In the past, scientists believed that protein degradation primarily depended on the ubiquitin-proteasome system (UPS), where the degradation tag of a protein is usually attached through specific post-translational modifications (such as ubiquitination). However, this study shows that the C-terminal amide modification of proteins can itself serve as a degradation signal. This means that some proteins, once synthesized or damaged, will be rapidly cleared by the cell as long as their C-terminus carries an amide.

Researchers constructed a semi-synthetic fluorescent protein reporter system to systematically analyze the effects of different modifications on protein degradation. They found that proteins with C-terminal amides degrade significantly faster in cells than their unmodified counterparts.

To identify the key factor recognizing C-terminal amide modifications, the research team used CRISPR screening technology and ultimately pinpointed the protein FBXO31. FBXO31 is a substrate receptor for the SCF complex (SKP1-CUL1-F-box protein) and can specifically recognize C-terminal amides and mediate their ubiquitination. Further structural biology analysis revealed that FBXO31 contains a pocket specifically binding to C-terminal amides. This binding pocket interacts with C-terminal amides via hydrogen bonding and hydrophobic interactions, whereas unmodified C-terminal carboxylic acids cannot bind due to the lack of necessary hydrogen bonds. This mechanism ensures that FBXO31 targets only amide-modified proteins and avoids misidentifying normal proteins.

The study also found that C-terminal amides are primarily formed after oxidative damage to proteins. For example, under oxidative stress conditions such as hydrogen peroxide (H₂O₂) exposure, certain proteins undergo cleavage, and their newly formed C-terminus often carries an amide modification. These amide-modified proteins are then recognized by FBXO31 and degraded via the ubiquitin-proteasome system. This discovery suggests that FBXO31 may be one of the cell's critical defense mechanisms against oxidative stress. By clearing damaged proteins, FBXO31 helps maintain protein homeostasis and prevents harmful protein aggregation.

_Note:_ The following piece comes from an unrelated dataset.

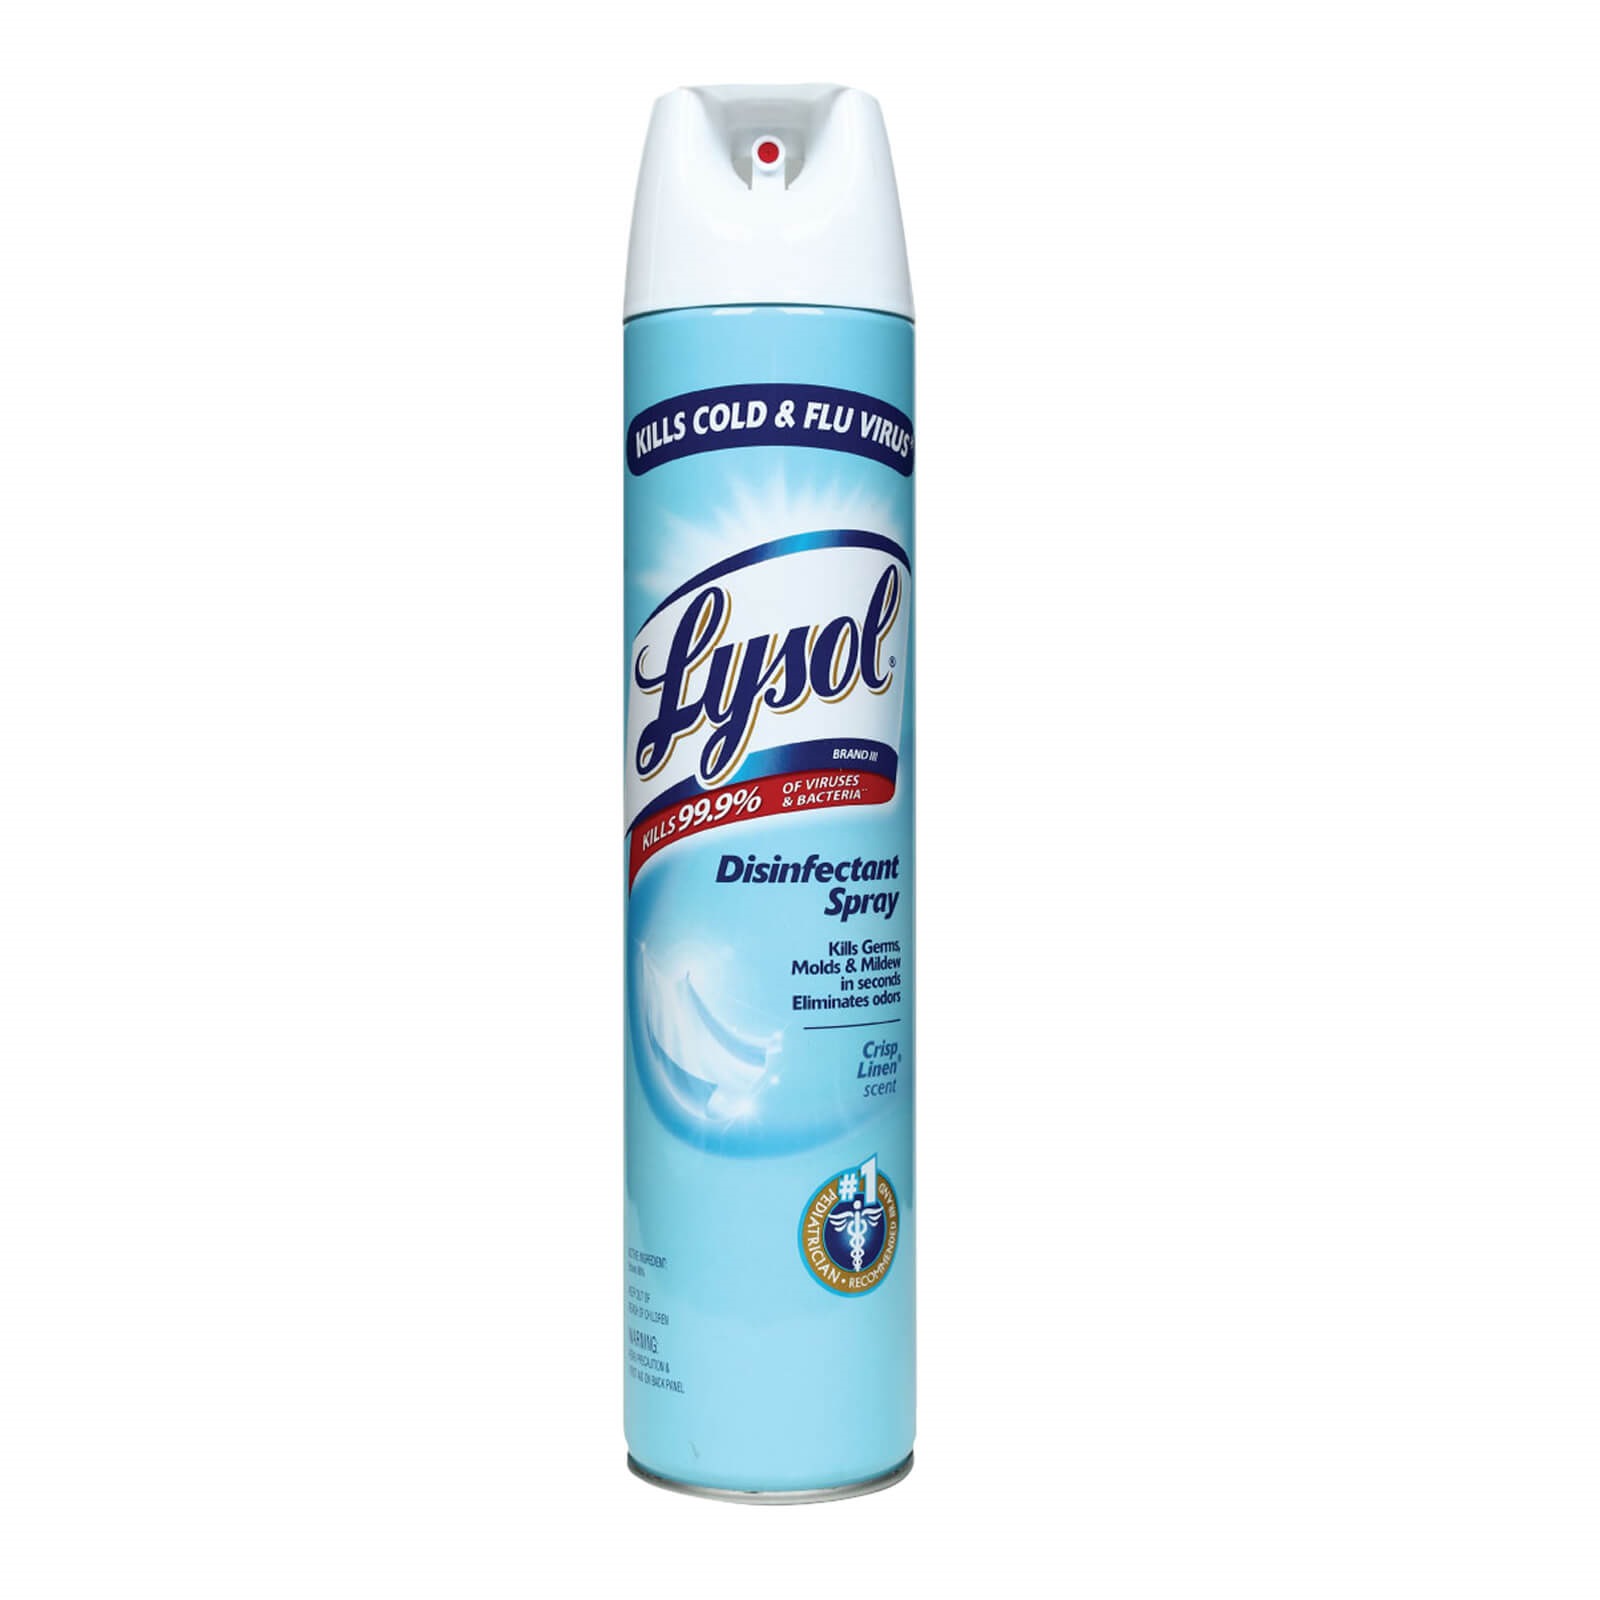 Lysol - Disinfectant Spray Crisp Linen 510g

Interestingly, the study also revealed an FBXO31 mutant associated with neurological diseases — the D334N mutation. This variant of FBXO31 loses its specificity for C-terminal amides and instead erroneously targets other proteins. Such misrecognition can cause abnormal degradation of key cellular proteins, impacting cell survival. The D334N mutation has been linked to neurodevelopmental disorders and cerebral palsy. This indicates that FBXO31 and its regulation of C-terminal amide degradation pathways may play a crucial role in the nervous system.

This study is the first to reveal the role of C-terminal amides as degradation signals for proteins and identifies FBXO31 as the key recognition factor for this signal. This discovery not only deepens our understanding of protein degradation mechanisms but may also play a vital role in future research on neurological diseases, cancer, and protein homeostasis. As research on FBXO31 and its related pathways progresses, it is possible that new targeted degradation drugs will be developed, offering revolutionary breakthroughs for disease treatment. In the future, precise regulation of FBXO31 may become an important research direction in the field of protein homeostasis regulation.